Evaluation Projects page

Create a Test Case

Create Evaluation Project dialog

Navigate to Evaluations

From the sidebar, click Evaluations and select an evaluation project (or create one).

Click "Add Test Case"

Click Add Test Case to open the test case editor.

Define the Input

Enter the input prompt that will be sent to the bot or agent. This should be a realistic user query or task description.

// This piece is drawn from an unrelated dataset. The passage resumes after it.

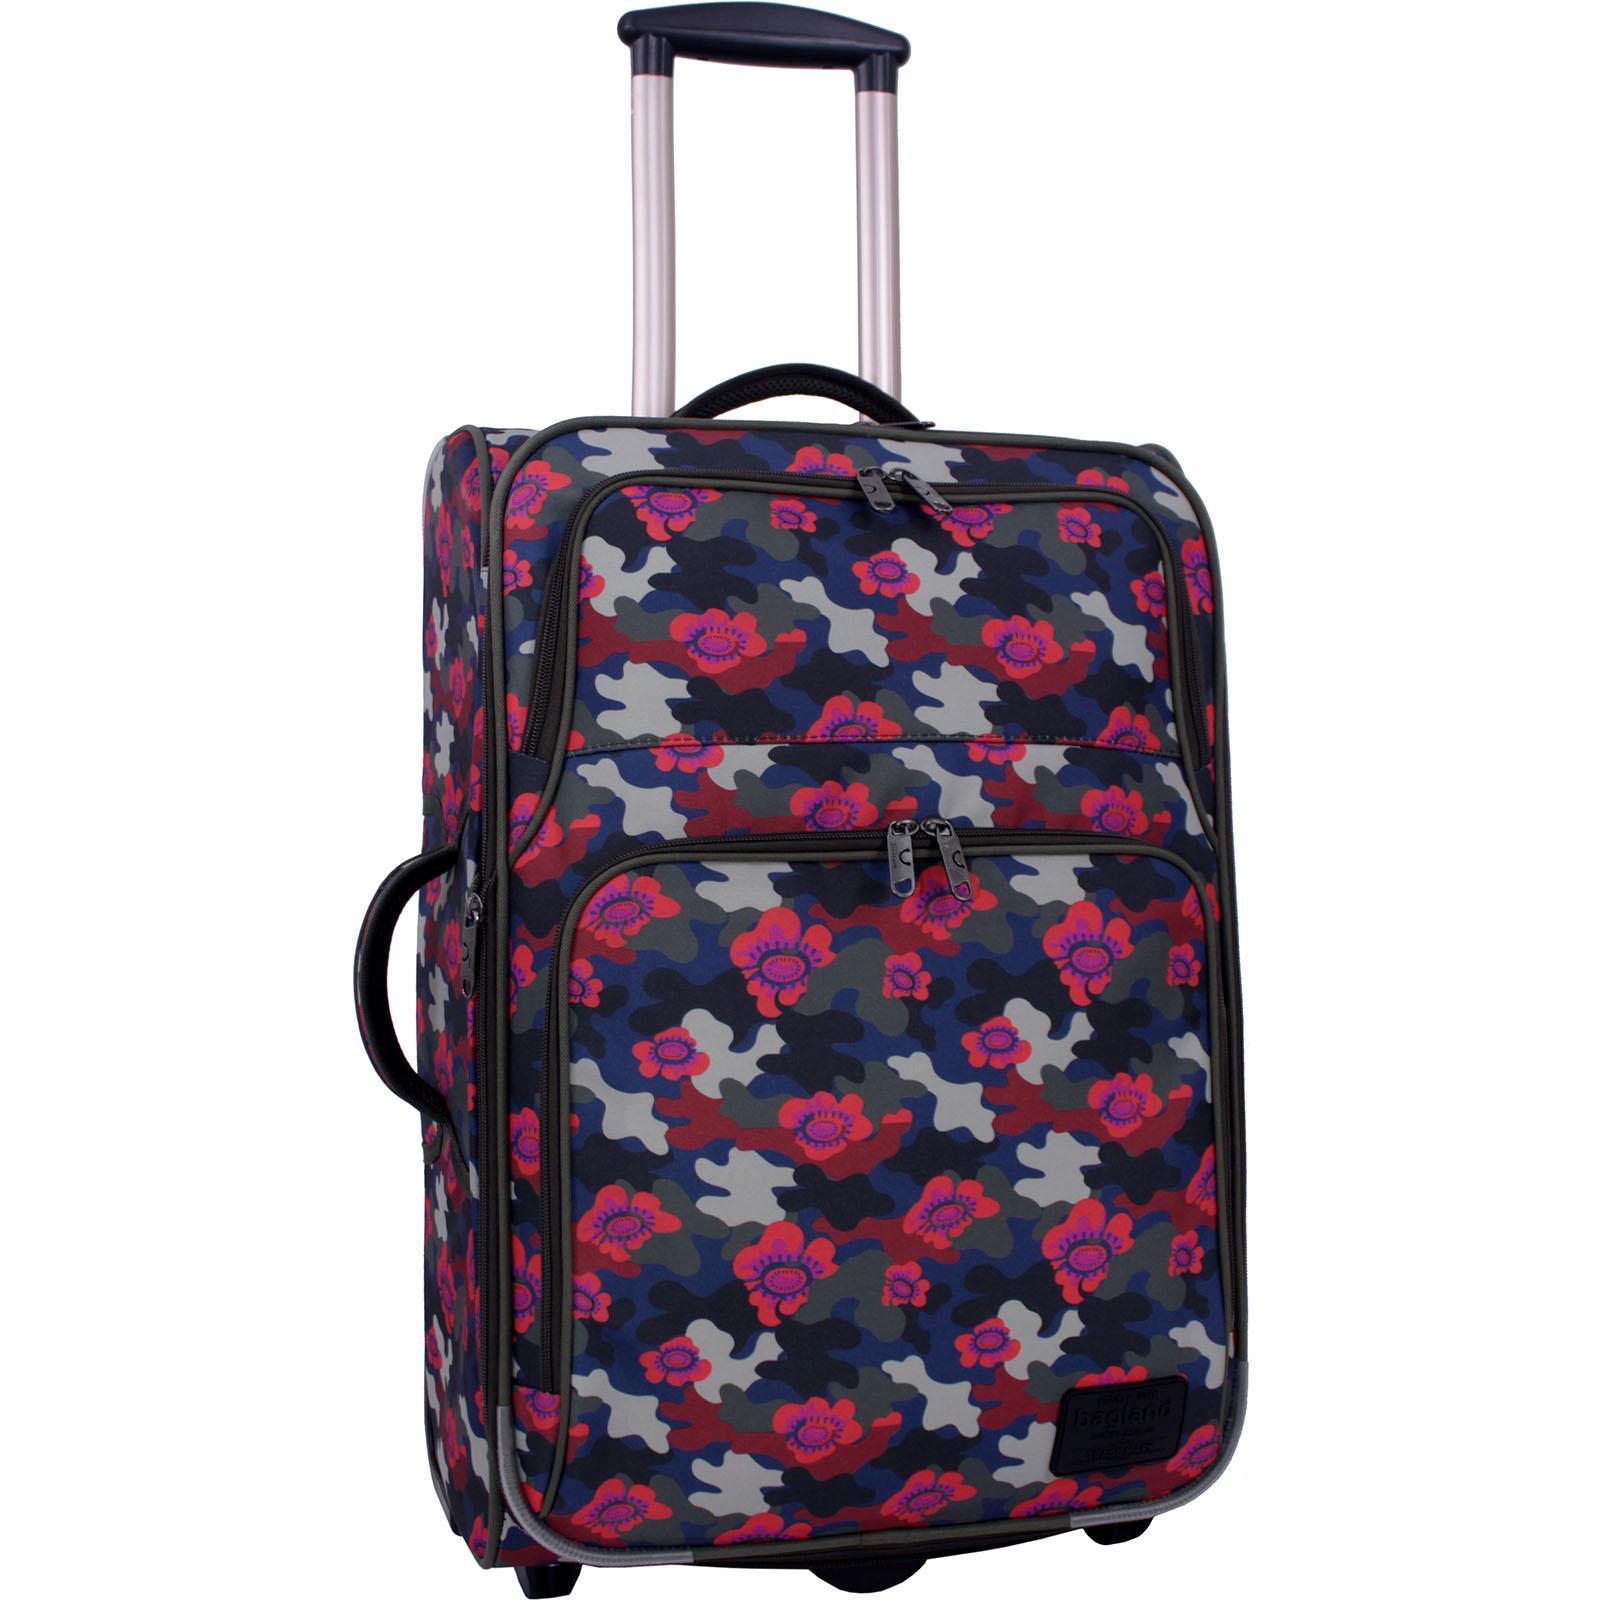 Дорожные чемоданы Чемодан Bagland Леон средний дизайн 51 л. сублімація 459 (0037666244) IMG_4779_суб.459_.JPG

Define the Expected Output

Provide the expected response or output. When the evaluation runs, the AI's response will be compared against this expected output and scored for accuracy, confidence, and latency.

Add Tags

Tag the test case for organization and filtering:

  • Category Tags — e.g., "product-info", "pricing", "troubleshooting"
  • Priority Tags — e.g., "critical", "regression", "edge-case"

Configure Scoring

Set the scoring criteria:

  • Scoring Method — Choose between exact, contains, semantic, or pattern match
  • Pass Threshold — Minimum score required to pass (for semantic similarity)
  • Weight — Relative importance of this test case in the overall score

Save Test Case

Click Save to add the test case to the evaluation project.

Bulk Import

For large test suites, you can import test cases from a CSV file:

Test Case Best Practices

Tip: Start with a small set of critical test cases (10-20) and expand over time. Focus on the queries that matter most to your users before building comprehensive coverage.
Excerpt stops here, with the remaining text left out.